Scalable Curation (2022-23)

Most data and literature curation processes are initiated via some entity-centric query (e.g. gene or gene products, a disease, a chemical compound). However, most databases are also interested in accessing and curating contents using other types of modalities: some biological phenomena (e.g. Intrinsically Disordered Proteins) or some domain-specific aspects of biology (e.g. lipidomics, glycomics, rare diseases). These are not easily expressed via a combination of
keywords; therefore non entity-centric literature exploration tools are needed.

Further, literature curation will expand beyond abstracts to include full-text, supplementary data and pre-prints (in several versions). This will be the focus of Task.3 in 22-23.
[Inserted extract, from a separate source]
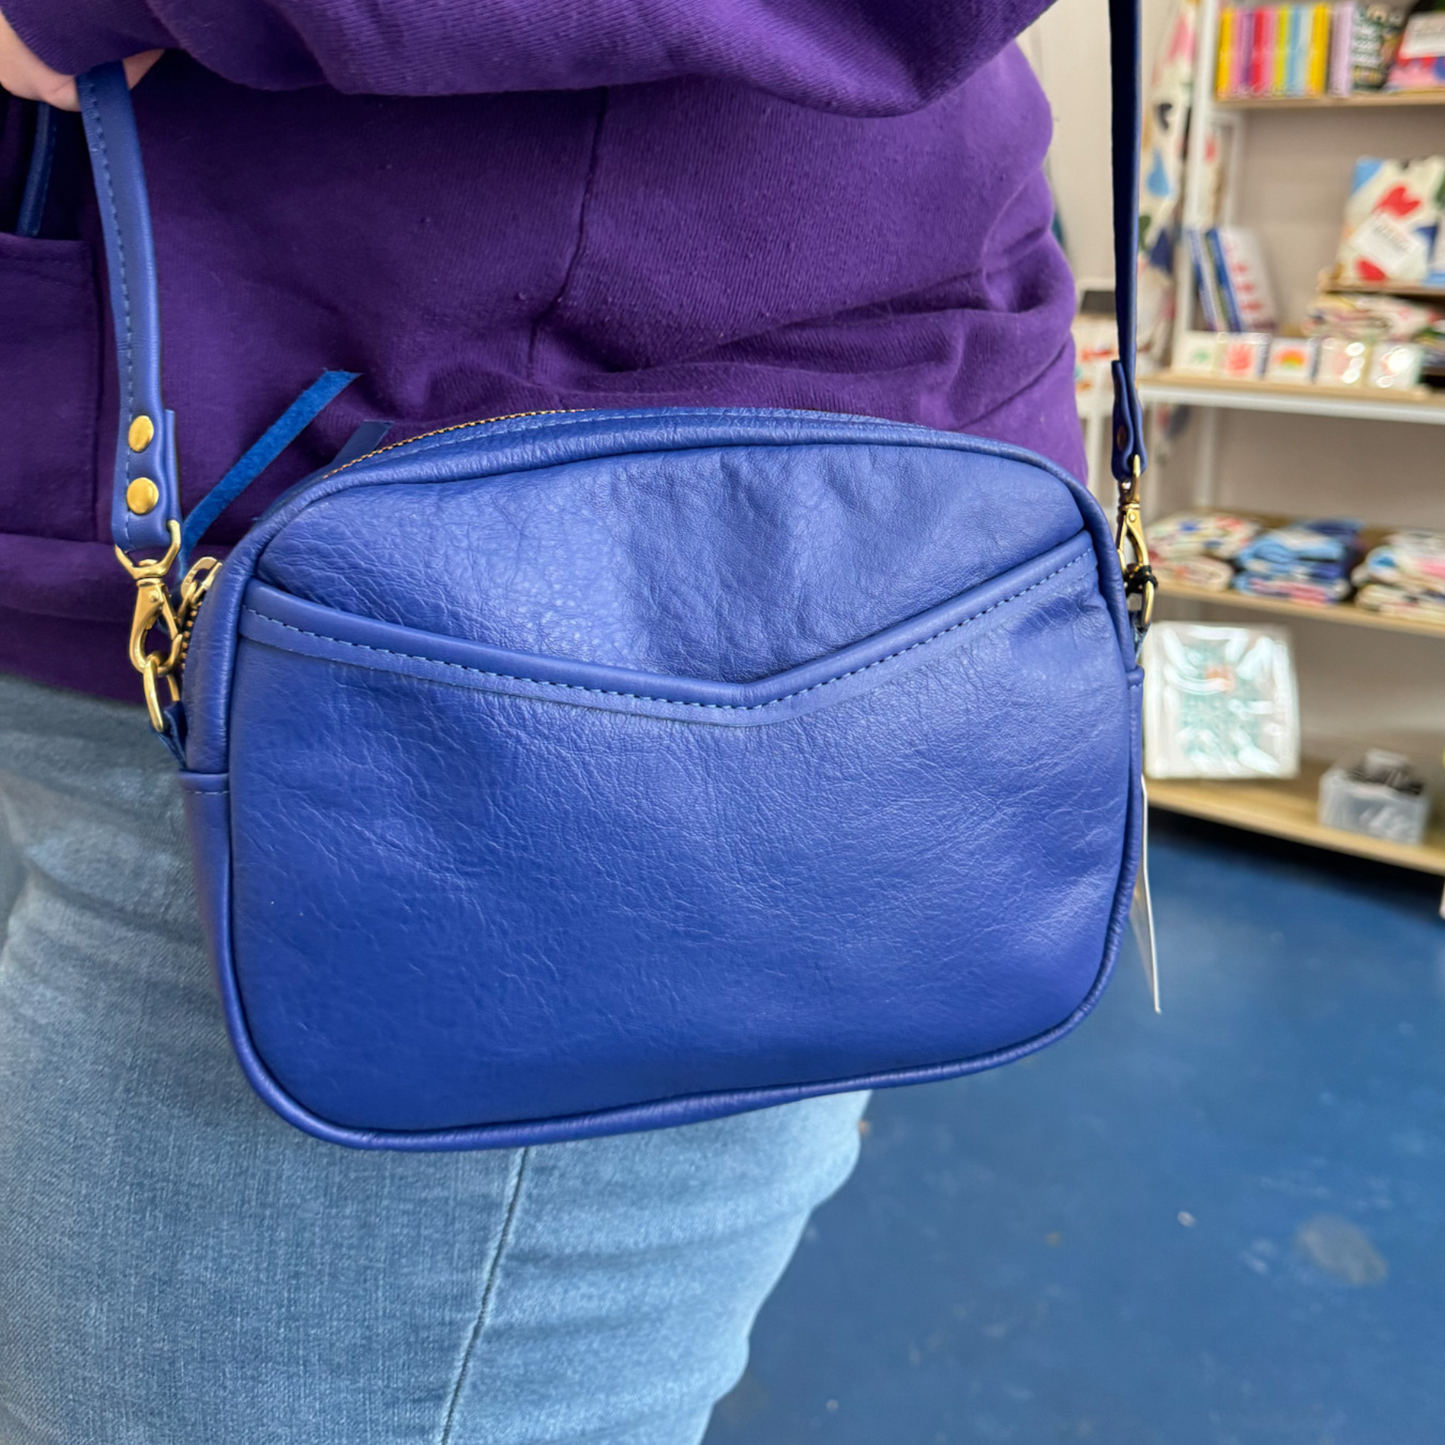 Cubist Crossbody Handbag - 2 colors

  1. Literature screening and alerting services to speed up curation: unlike most curation-support tools, which are entity centric (i.e. curation workflows start with a gene), this WP aims at triggering an alert as soon as a newly relevant article for a given database is published. 
  2. Triage-as-a-Service for any published data, including full-text, pre-prints and supplementary data: Expand triage services to full-text articles and supplementary data (in connection with T2.1).
  3. Ongoing community requests for additional connectivity between ELIXIR data resources and the literature are expected in the period 22-23, and this WP will be carried forward as is.
  4. Monitor and assess the ongoing Data Curation Implementation studies that arise out of the 2021 RFP process.